This cell analyzes storage usage across all previous lessons and homework, plus workspace folders.

In [None]:
# Storage analysis
print("=" * 70)
print("📊 DS776 STORAGE REPORT - Previous Lessons & Homework")
print("=" * 70)

storage_items = []
total_storage = 0

# 1. Analyze home_workspace
print("\n📦 HOME WORKSPACE (~/home_workspace)")
print("-" * 70)

if home_workspace.exists():
    hw_data = home_workspace / "data"
    hw_downloads = home_workspace / "downloads"
    hw_models = home_workspace / "models"
    
    for folder in [hw_data, hw_downloads, hw_models]:
        if folder.exists():
            size = get_folder_size(folder)
            storage_items.append((folder, size))
            total_storage += size
            print(f"  • {folder.name:20s} {format_size(size):>12s}    [{folder}]")
        else:
            print(f"  • {folder.name:20s} {'(not found)':>12s}")
else:
    print("  ⚠️ home_workspace not found")

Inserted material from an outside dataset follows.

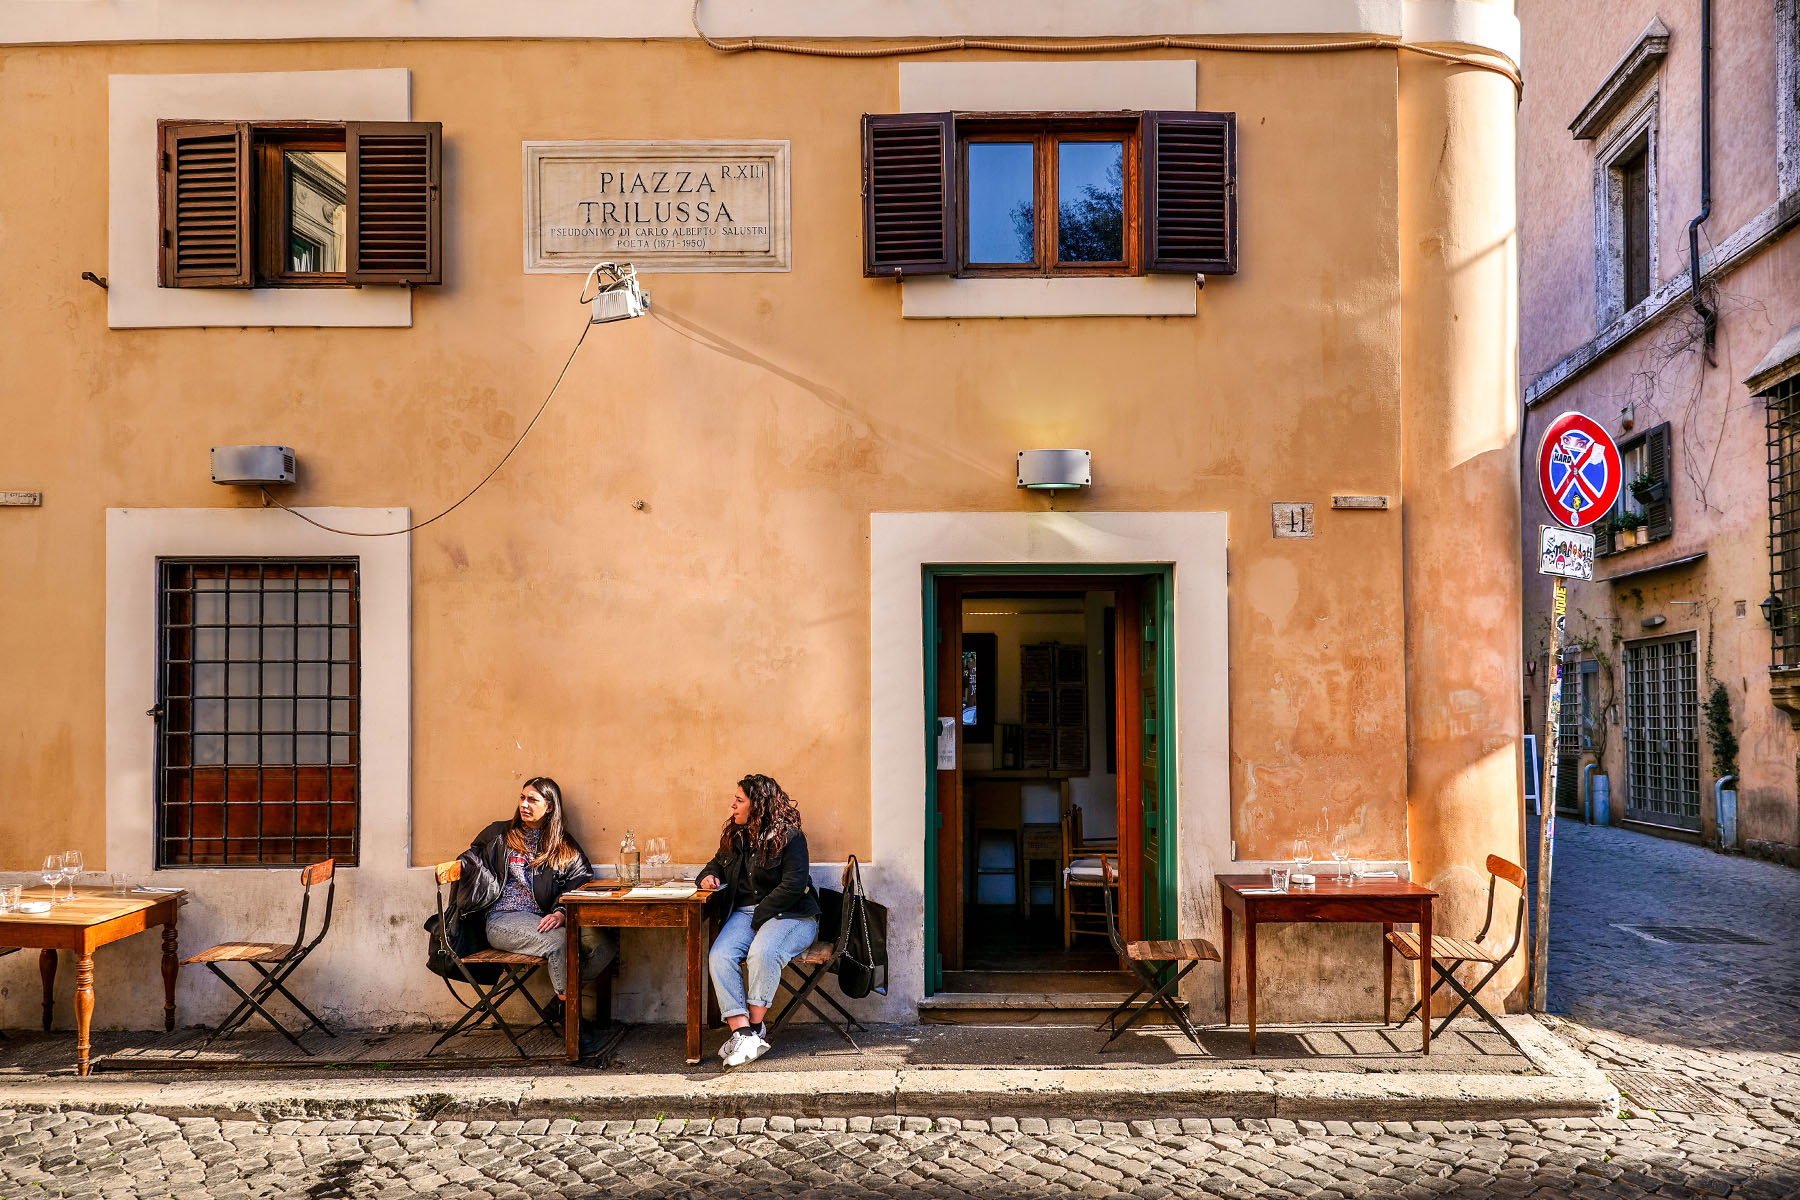 Two women sitting outside a bar in the ancient Trastevere district of Rome.

# 2. Analyze cs_workspace (compute server only)
print("\n💾 COMPUTE SERVER WORKSPACE (~/cs_workspace)")
print("-" * 70)

if cs_workspace.exists():
    cs_downloads = cs_workspace / "downloads"
    if cs_downloads.exists():
        size = get_folder_size(cs_downloads)
        storage_items.append((cs_downloads, size))
        total_storage += size
        print(f"  • downloads          {format_size(size):>12s}    [{cs_downloads}]")
    else:
        print("  • downloads          (not found)")
else:
    print("  ℹ️ cs_workspace not found (only exists on compute servers)")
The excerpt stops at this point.